Many password managers allow you to set up emergency access (as it's named in Bitwarden) that'll let a contact access your vault by request after a certain wait time during which you can either manually accept or decline the request.
This is really a problem with crapping identity and authorization modeling.
My next of kin should be able to sign in using their own credentials (even if just ID card), and not have to impersonate their dead relative.
Just in general, or only after you've died? If the latter, how does the system confirm someone has died in a way that can't be exploited by a bad actor?
A better auth model would have protocols for establishing death.
Most places have death indexes, and death documentation.
This may currently be a bit beyond foolproof advice for Aunt Tilly [0] to do on her own, but:
1. Get them to use a password manager for their stuff. This can easily be a good idea all on its own, simply so that they don't reuse the same credentials everywhere.
2. The password store can be decrypted with either of two methods: A day-to-day password they memorize, or a longer key which can be stored along with the will. [1]
3. Set up the cloud services to automatically backup and share their encrypted at rest password store from their computer to various relatives and friends.
4. Take the alternate encryption key from step #1, print it on archival paper, seal it inside an opaque tamper-resistant envelope, and store the envelope along with the will--or in such a way that it reaches the right people when the person passes away.
This way they can easily keep things up-to-date with new accounts or password changes, without constantly sending new stuff to a lawyer or safe-deposit box or whatever.
_______
[0] An archetypal relative who is "not good with computers."
[1] This isn't algorithmically impossible by any means, but it's a use-case not all password managers will support. An alternative is to tell them "never change your master password ever", and then just duplicate it in the sealed envelope.

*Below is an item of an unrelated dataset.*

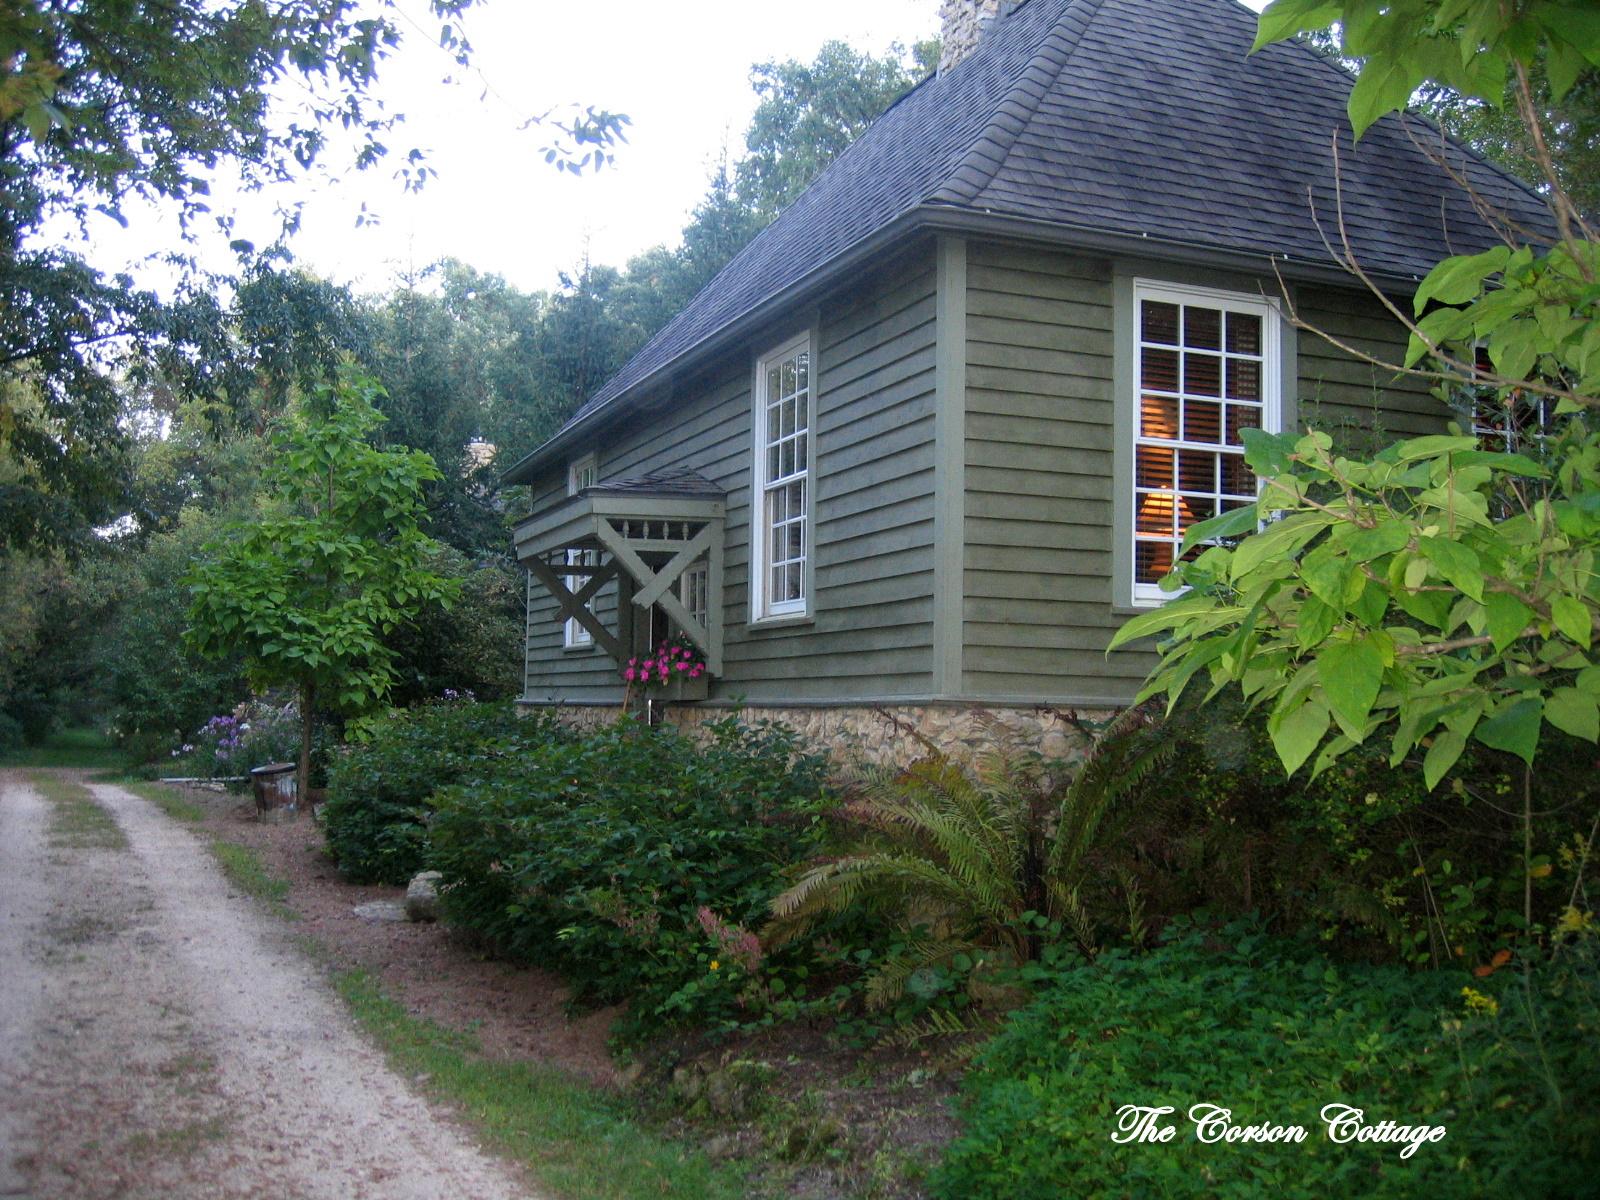 the corson cottage the inn at irish hollow

> 2. The password store can be decrypted with either of two methods: A day-to-day password they memorize, or a longer key which can be stored along with the will.
The longer key is kind of pointless given the shorter password, unless that shorter password only works with a hardware key.
Various family members have their accounts & passwords in a binder, in a known location. Not ideal, but there's no technology involved so it is "elder proof".
Could it be left with their attorney? Not really - the attorneys don't want the paper and don't want the additional responsibility for keeping it secure. Plus having to make it available at their office for recording occasional password changes.
There's an additional threat to consider: What happens when it burns up in a fire, soaks to illegibility in a flood, etc?
More than half the reason I implore my parents to digitize their ink-scrawled Sheet Of Login Stuff involves having an off-site backup. Leveraging it to help with end-of-life planning is just a bonus.
P.S.: Another bonus to this is that the sealed envelope along isn't enough for the holder to empty all of Aunt Tillie's bank accounts and flee the country. Whoever has custody of it would at least need to conspire-with or trick one of the family members into sharing them a copy of the encrypted store.
Also, for bonus disaster-preparedness: When setting up the cloud service to backup+share the encrypted file, also include the original installer for the password-safe software. It avoids the problem of trying to find code from a discontinued software project or which successor-project may or may not compatibly open the file.
But... a will is not secret. May as well publish it in the newspaper.